There is another way...

Publish your models on Kubernetes. Kubernetes is quickly becoming the cloud standard. Once you know how to deploy your model on kubernetes you can do it anywhere (Google cloud or AWS)

How to deploy models to production using Kubernetes

You’ll never believe how simple deploying models can be. All you need is to wrap your code a little bit. Soon you’ll be able to build and control your machine learning models from research to production. Here’s how:

Layer 1- your predict code

Since you have already trained your model, it means you already have predict code. The predict code takes a single sample, fits the model with the sample and returns a prediction.

Below you’ll see a sample code that takes a sentence as an input, and returns a number that represents the sentence sentiment as predicted by the model. In this example, an IMDB dataset was used to train a model to predict the sentiment of a sentence.

import keras
model = keras.models.load_model("./sentiment2.model.h5")

def predict(sentence):
    encoded = encode_sentence(sentence)
    pred = np.array([encoded])
    pred = vectorize_sequences(pred)
    a = model.predict(pred)
    return a[0][0]

def vectorize_sequences(sequences, dimension=10000):
    results = np.zeros((len(sequences), dimension))
    for i, sequence in enumerate(sequences):
        results[i, sequence] = 1.
    return results

*Tip
To make deploying even easier, make sure to track all of your code dependencies in a requirements file.

Layer 2- flask server

After we have a working example of the predict code, we need to start speaking HTTP instead of Python.

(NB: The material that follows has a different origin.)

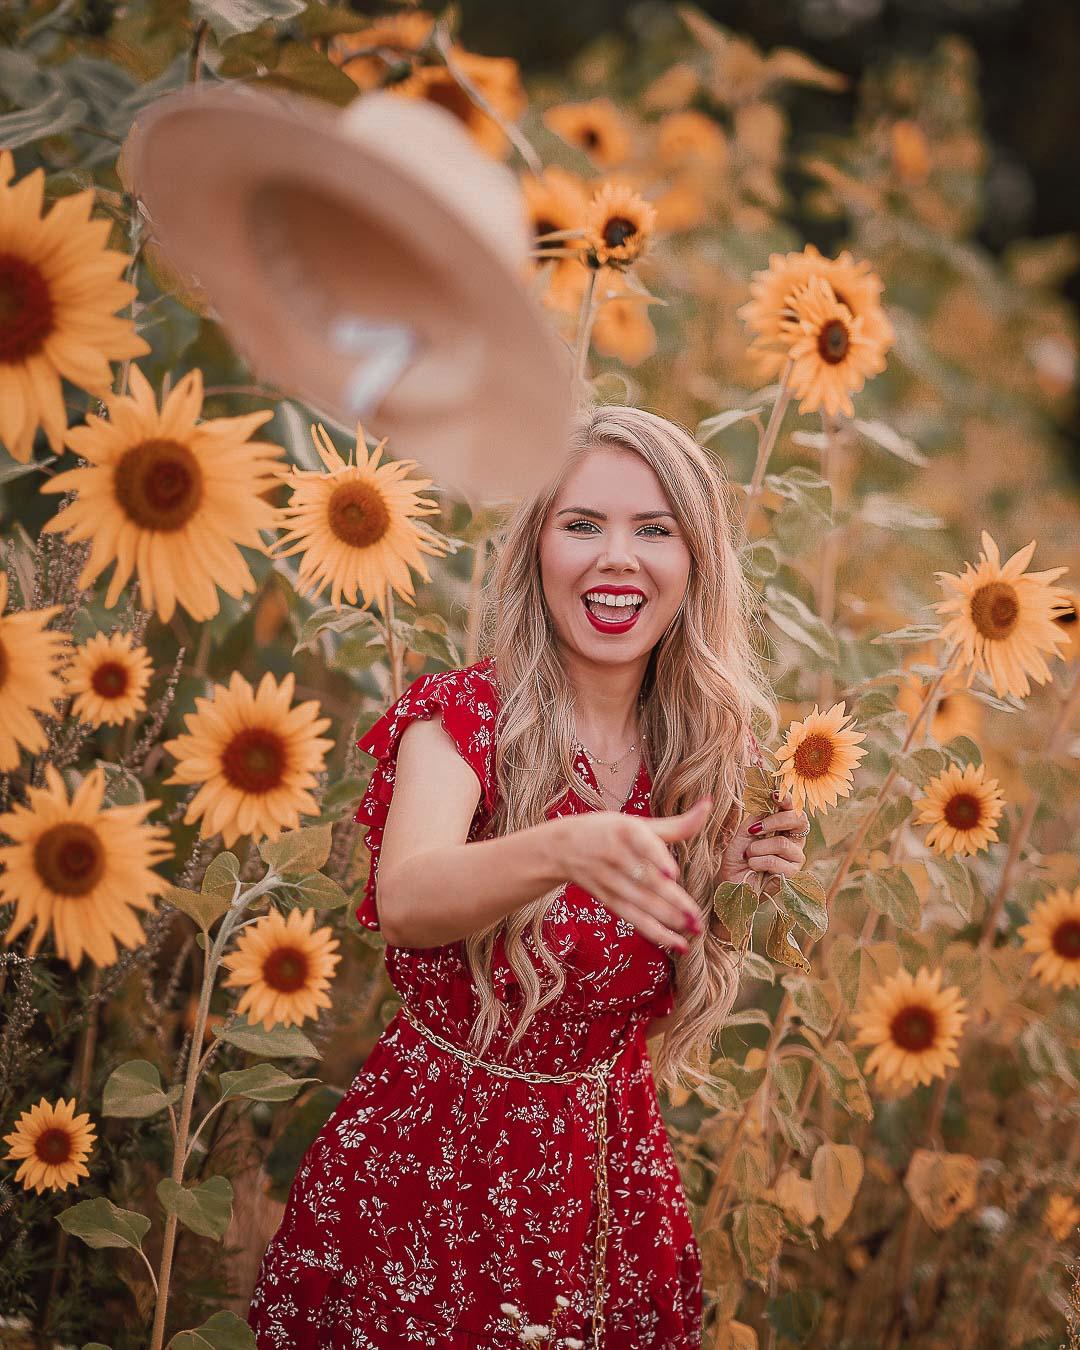 Sonnenblumen Fotoidee

The way to achieve this is to spawn a flask server that will accept the input as arguments to its requests, and return the model’s prediction in its responses.

from flask import Flask, request, jsonify
import predict

app = Flask(__name__)

@app.route('/predict', methods=['POST'])
def run():
    data = request.get_json(force=True)
    input_params = data['input']
    result =  predict.predict(input_params)
    return jsonify({'prediction': result})

if __name__ == '__main__':
    app.run(host='0.0.0.0', port=8080)

In this small snippet we import flask and define a route it should listen to. Once a request is sent to the server to the route /predict it will take the request argument and send them to the predict function we wrote in the first layer. The function return value is sent back to the client via the HTTP response.

Layer 3 — Kubernetes Deployment

And now, on to the final layer! Using kubernetes we can declare our deployment in a YAML file. This methodology is called Infrastructure as code, and it enables us to define the command we want to run in a single text file.

apiVersion: apps/v1 
kind: Deployment
metadata:
  name: predict-imdb 
spec:
  replicas: 1 
  template:
    spec:
      containers:
      - name: app
        image: tensorflow/tensorflow:latest-devel-py3
        command: ["/bin/sh", "-c"]
        args:
         - git clone https://github.com/itayariel/imdb_keras;
           cd imdb_keras;
           pip install -r requirements.txt;
           python server.py;
        ports:
        - containerPort: 8080

You can see in the file that we declared a Deployment with a single replica. Its image is based off of the tensorflow docker image, and then runs a set of four commands in order to trigger the server.

In this command, it clones the code from Github, installed the requirements and spins up the flask server written.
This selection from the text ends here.